I know of several different arguments.  You can decide which one you think is most elegant...

 1. Rohlin's argument, which is actually quite geometric.  You start with an immersion of the 3-manifold in $\mathbb{R}^5$.  You modify the immersion by a cobordism until it is an embedding, and then find an explicit 4-manifold bounding it.  This is nicely explained in ["A la recherche de la topologie perdue"][1].  I believe this is also Autumn Kent's answer above.

 2. Thom's argument, with lots of algebraic topology.  This is probably not the most elegant route if you only want this piece, although of course Thom tells you much more.

 3. Rourke's argument as sketched by Daniel Moskovich above.  Indeed, any proof that the mapping class group is generated by Dehn twists also gives a proof that $\Omega_3 = 0$.  Dehn and Lickorish also have proofs of this.

 4. I also have a [proof][2] with Francesco Costantino, also direct and geometric.  You take the compact 3-manifold and look at a generic map to $\mathbb{R}^2$.  The preimage of a generic point is a disjoint union of circles, which bounds a convenient canonical surface (a union of disks).  Take these disks as the start of your 4-manifold.  In codimension one singularities, two of these circles can merge, and the preimage of a little transversal is a pair of pants, which can be filled in with a 3-sphere (together with the disks already attached).  In codimension 2, there are only two different interesting local models, and both can be filled in canonically with a 4-ball.

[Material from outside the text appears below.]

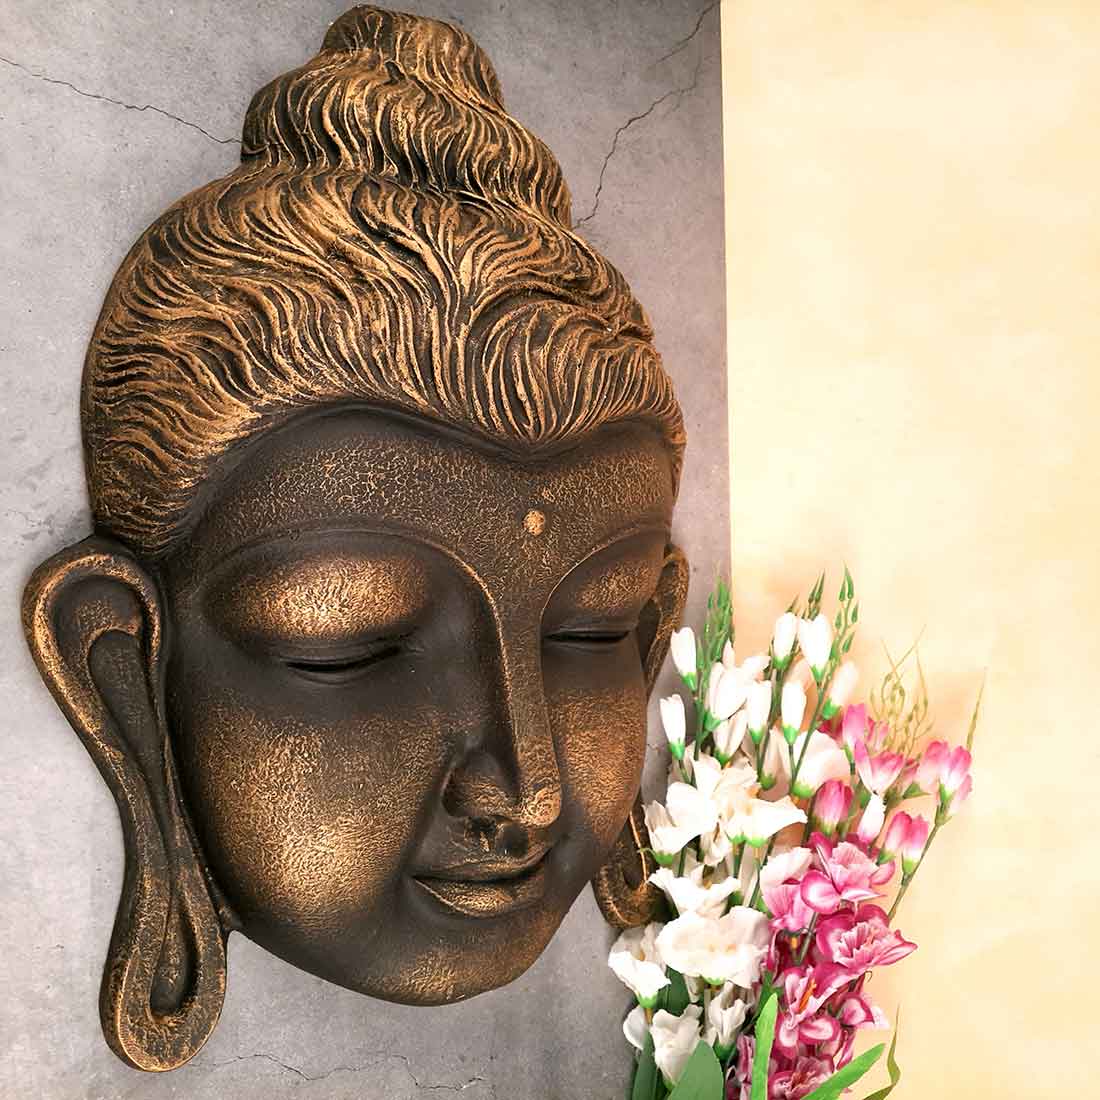 Buddha Face Wall Hanging | Big Buddha Wall decor - For Living Room, Home Decor & Gifts - 27 Inch
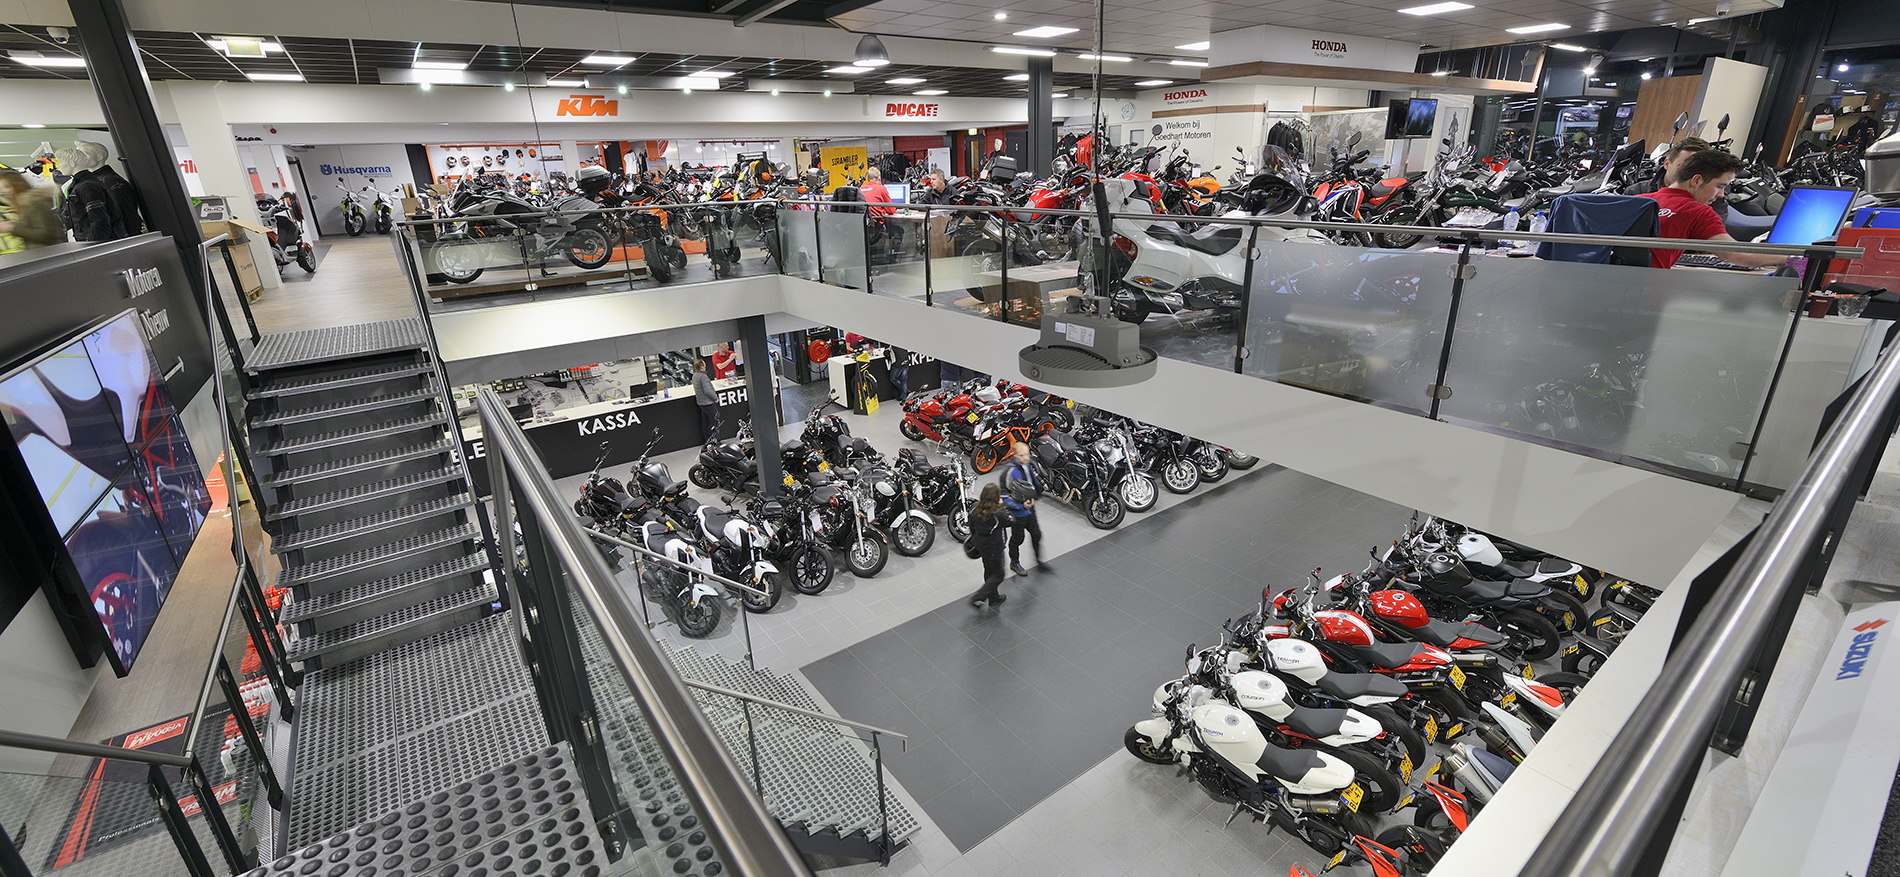 Goedhart Motorbikes: interior design by WSB - Sport

The reason to prefer our proof (number 4) is that it is more efficient, in that (e.g.) for a 3-manifold triangulated with $n$ tetrahedra, it gives a 4-manifold with bounded geometry with $O(n^2)$ simplices.  By comparison, the mapping-class group arguments of (3) tend to give a 4-manifold of complexity at least exponential in $n$, and usually a tower of exponentials.  (You can see this already in the inductive argument sketched out in Daniel Moskovich's answer.)  Thom's proof (2) is completely non-explicit; I don't know how to extract any bounds from it.  Rohlin's proof (1) can, I believe, be shown to give a 4-manifold with $O(n^4)$ simplices, although I never worked out all the details.